A l’extrême, c’est la relation maître-esclave. Un
proverbe chinois dit: «Plus le singe monte à l’arbre,
plus il montre ses fesses»! La position basse est en
fait la position du pouvoir. Quel est le plus sûr moyen
de vous faire porter par quelqu’un dans la rue? Vous
évanouir! Vous pousserez ainsi les autres à vous
secourir et ainsi à occuper la position haute. C’est
vous qui exercez un pouvoir (indirect) sur les autres.

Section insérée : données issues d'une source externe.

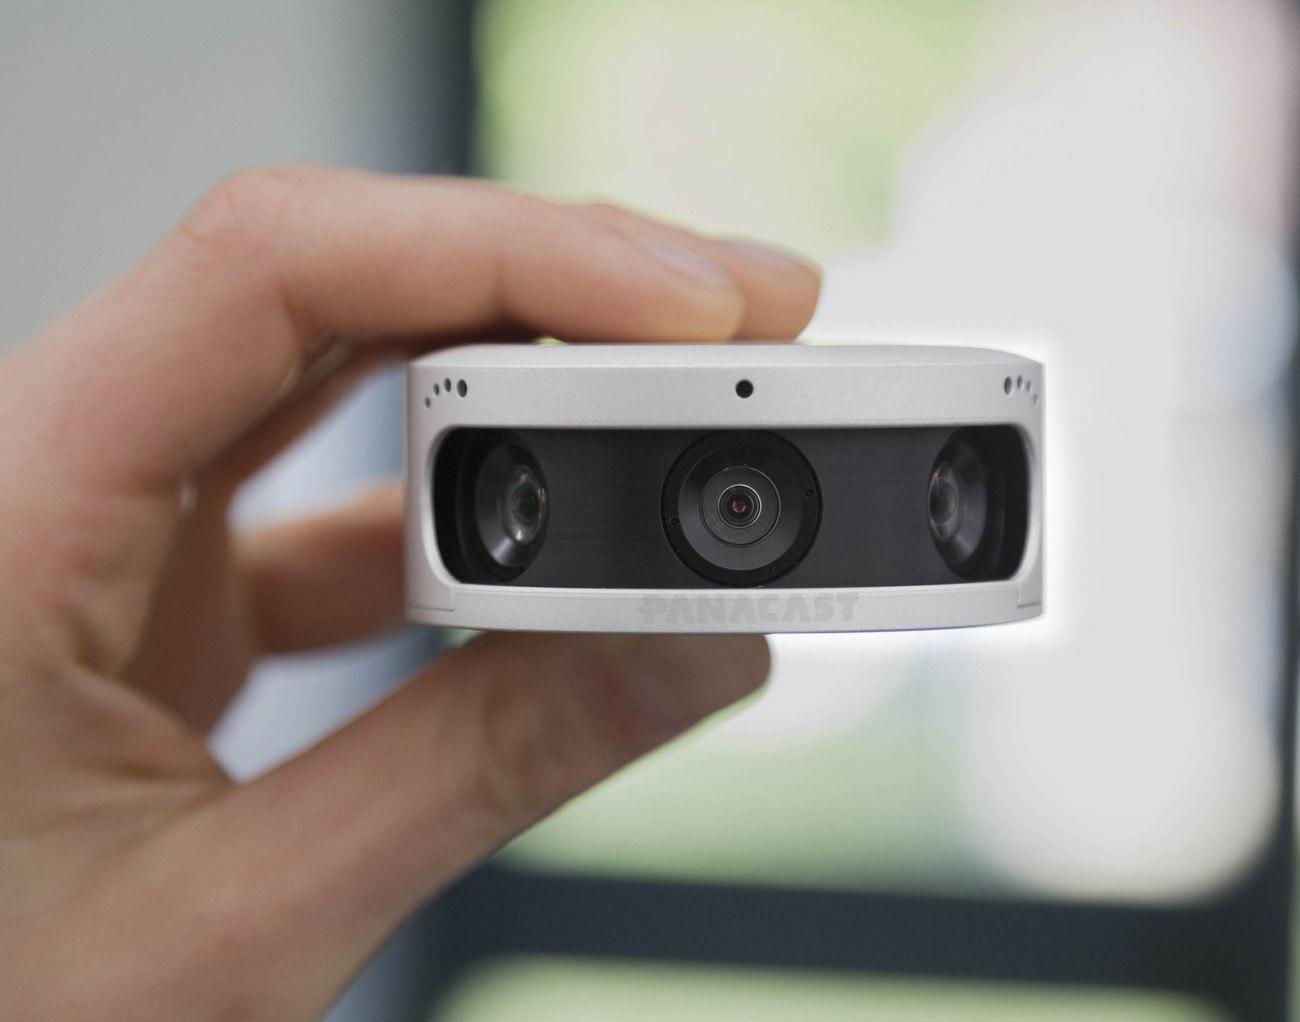 PanaCast Panoramic 4K USB Camera

3. Relation complémentaire et relation symétrique
«Tout comportement (aussi absurde qu’il puisse
m’apparaître) a une intention positive (du point de vue
de son auteur)». Celui qui, dans l’échange, rivalise
pour obtenir la position haute ou la position basse
place la relation sur un axe symétrique avec un risque
d’escalade évident. C’est la forme d’interaction la
plus stérile. Passé un certain stade, les informations
échangées ne servent plus qu’à alimenter la rivalité
et n’ont plus grand-chose à voir avec un échange
fructueux d’arguments ou d’opinions. Si je considère
que mon interlocuteur n’appartient pas au même
monde que moi, alors notre collaboration est vouée
à l’échec.
À l’inverse, la relation complémentaire est la plus
constructive car elle cherche à mettre en œuvre
des moyens communs pour atteindre un objectif
commun.
Une belle escalade symétrique commencée face à
face à la table de réunion (ou de la salle à manger)
peut, comme par magie, trouver un épilogue heureux
dans le côte à côte de la voiture.
4. Logique circulaire et logique linéaire
Le jeu interactionnel ne répond pas à une logique
linéaire, c’est-à-dire à un lien de cause à effet
direct comme par exemple : s’il le froid commence
à se faire sentir dans la pièce, je vais tourner le
thermostat sur «plus chaud» (changement de type
1). Nous sommes des êtres complexes qui vivent
sur plusieurs niveaux simultanément. Appliquer une
logique linéaire à l’humain tend à réduire la relation
avec autrui à de la mécanique. Dans ce système
complexe, une cause produit un effet qui devient une
cause qui produit un effet qui devient une cause qui...
C’est la logique circulaire. Voir un porc rempli de ce
qui restait de victuailles dans la ville jeté par-dessus
les remparts de Carcassonne assiégée depuis des
mois a décidé Philippe le Bel et ses troupes à lever
le camp (changement de type 2). L’action ne vise pas
directement le résultat mais elle contribue à créer par
enchaînement en impliquant plusieurs niveaux de
l’interaction les conditions propices à sa réalisation.
Une requête avec explication verbale de la part des
assiégés n’aurait eu, on s’en doute en l’occurence,
aucun effet. Si les mots s’ordonnent selon une
logique linéaire, les faits, eux, le font selon une
logique circulaire. Les explications ne servent le plus
souvent qu’à les trahir et à nous desservir.
5. Action et réaction
Le risque d’enlisement dans une interaction tient
souvent au fait que nous avons toujours une longueur
de retard par rapport à notre interlocuteur. Nous
attendons qu’il fasse quelque chose pour y réagir. Et
c’est comme si nous étions condamnés à ne servir
qu’à remettre le train sur les rails pour qu’il arrive à
bon port! Prendre l’initiative nécessite une vision claire
(et donc anticipée) de l’objectif à atteindre aussi bien
sur le plan organisationnel que sur le plan relationnel.
Il s’agit de découper cet objectif en actions réalisables
et d’agir en recyclant continuellement les réponses
que ces actions produisent.
En résumé, si je parviens à utiliser et à décoder le
langage non-verbal, à me maintenir un peu plus que
mon interlocuteur dans la position basse, à établir la
relation sur un axe complémentaire et à développer les
événements selon une causalité circulaire, j’agis plus
que je ne réagis. Je garde l’initiative de l’interaction
et j’augmente ainsi les chances d’atteindre l’objectif
commun visé.
Ainsi je rayonne et j’exerce une influence positive sur
ceux qui m’entourent, que ce soit au travail ou à la
maison.
C’est bien-là ce qui caractérise un leader.